The used prefabricated rods of described drawing monofilament is two-layer coaxial configuration, and the described core material that is used for drawing the prefabricated rods of monofilament is any of following combination: pure silicon dioxide, pure silicon dioxide are mixed Ge, pure silicon dioxide mixes F, pure silicon dioxide Ge and F mixes altogether.
The described covering layer material that is used for drawing the prefabricated rods of monofilament is any of following combination: pure silicon dioxide, pure silicon dioxide are mixed F.
The sandwich layer of the described prefabricated rods that is used to draw monofilament and the ratio of cladding diameter are 0.62~0.91, and its core diameter is 15-20mm, and cladding diameter is 18~24mm.
For guaranteeing that monofilament possesses good receipts luminous energy power, the described core material refractive index n that is used to draw the prefabricated rods of monofilament
2Refractive index n with clad material
1Satisfy: 1.46<n
2<1.5,1.44<n
1<1.46, and satisfy relation between them:
The described typical index section that is used to draw the prefabricated rods of monofilament is a step change type, perhaps is gradation type, as shown in Figure 2.
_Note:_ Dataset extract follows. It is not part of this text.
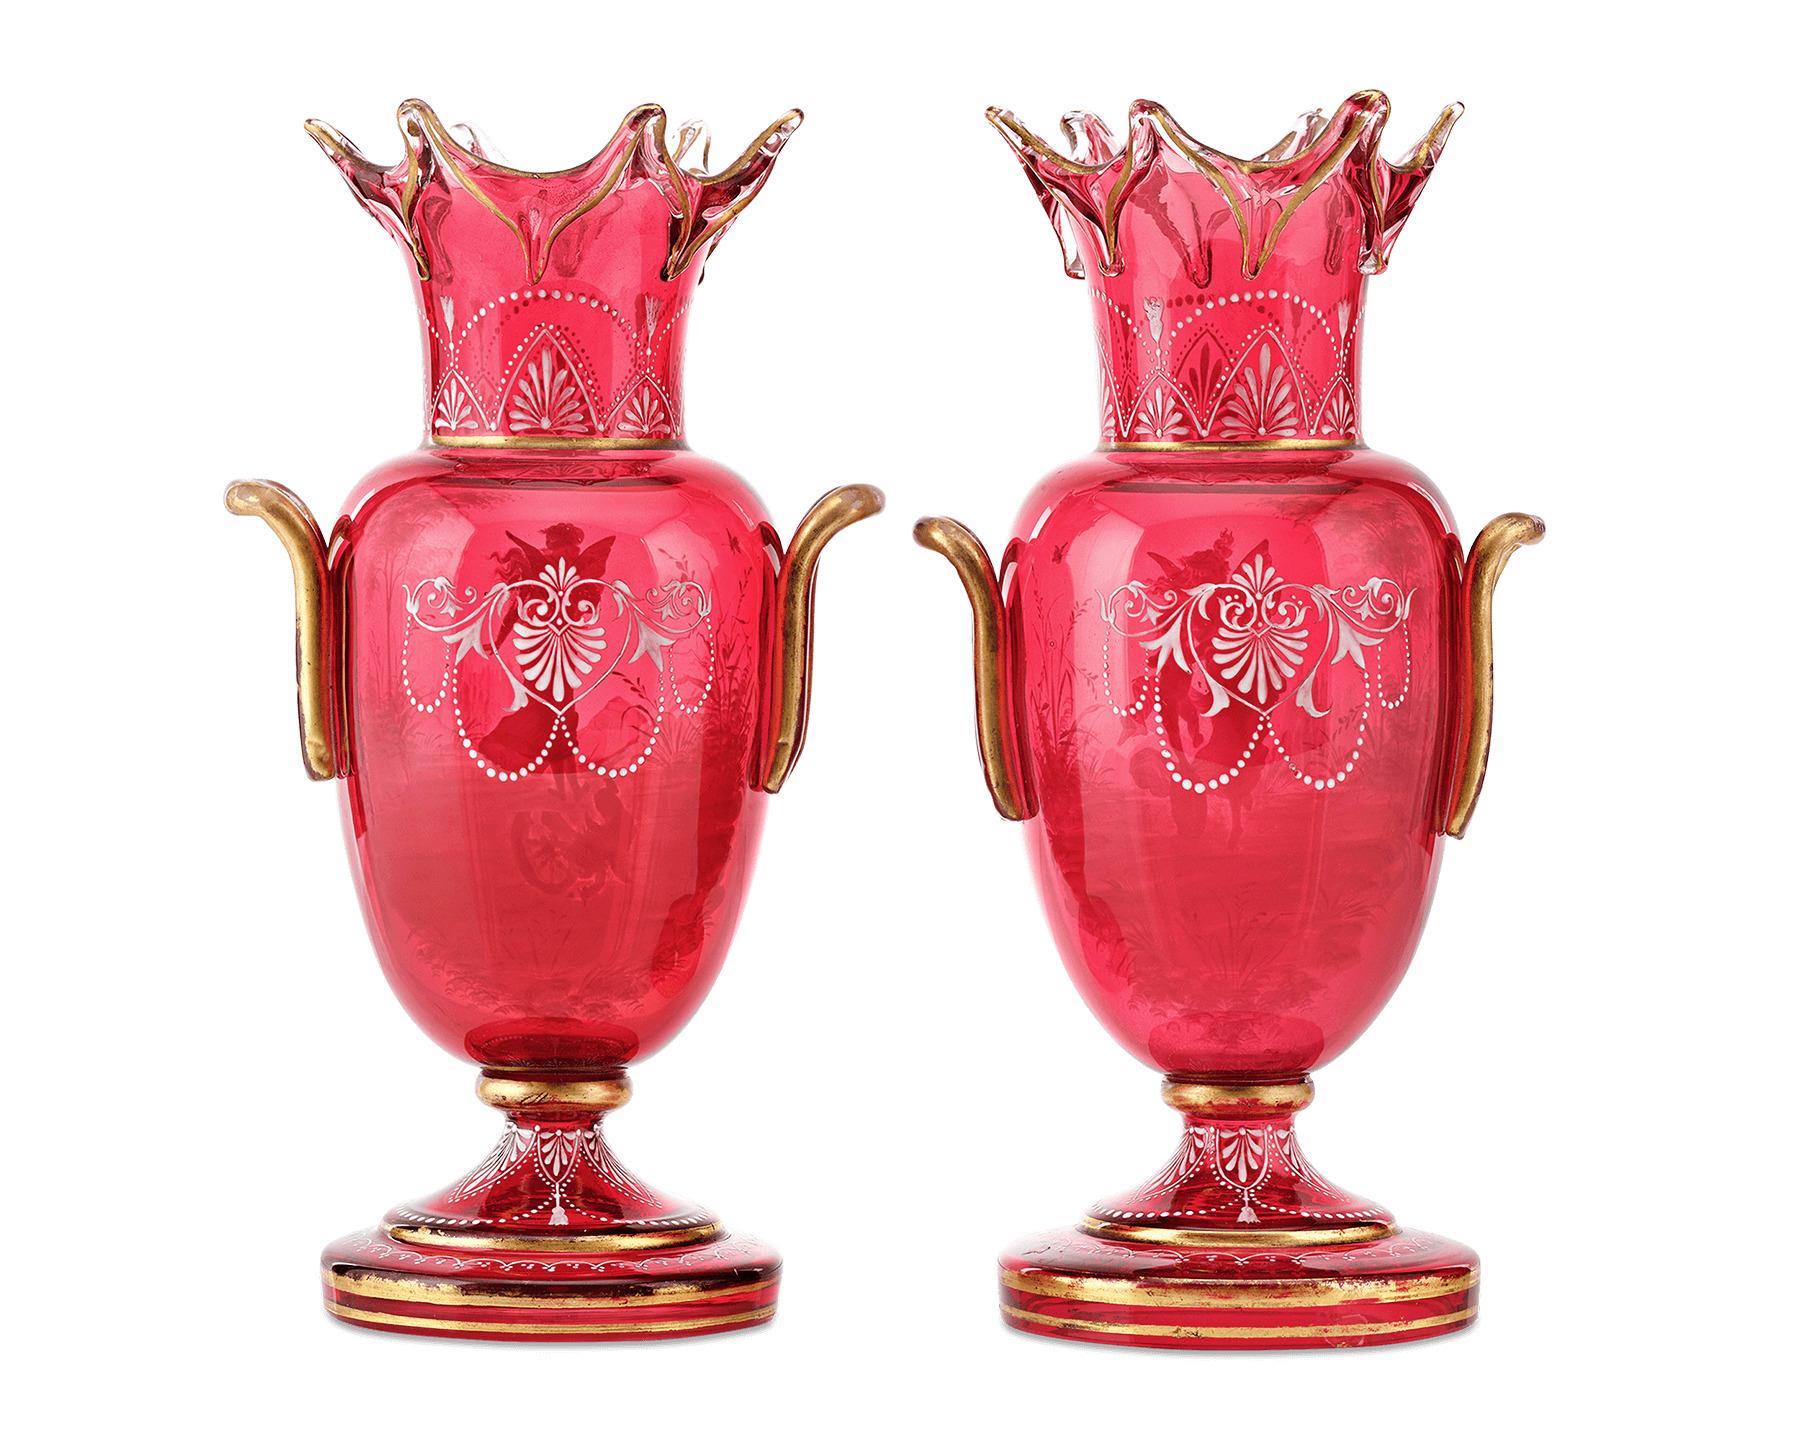 This beautiful and important pair of cranberry glass vases feature the timeless childhood silhouettes known as Mary Gregory. The motifs are executed in white enameling of varying thickness to give the images amazing depth. This elegant pair is a

The refractive index profile of described monofilament and the refractive index profile of described prefabricated rods are just the same, so the numerical aperture NA of prefabricated rods represented the NA of monofilament, just the NA of the final coherent fiber bundle that obtains.NA is defined as:
Described step (3) monofilament is arranged by closely packed mode, needs the quantity of monofilament to estimate with following formula:
S
N1=(3N
1+3)N
1 (1)
Here S
N1The quantity of the required monofilament of expression step (3), N
1The closely packed number of plies of expression step (3).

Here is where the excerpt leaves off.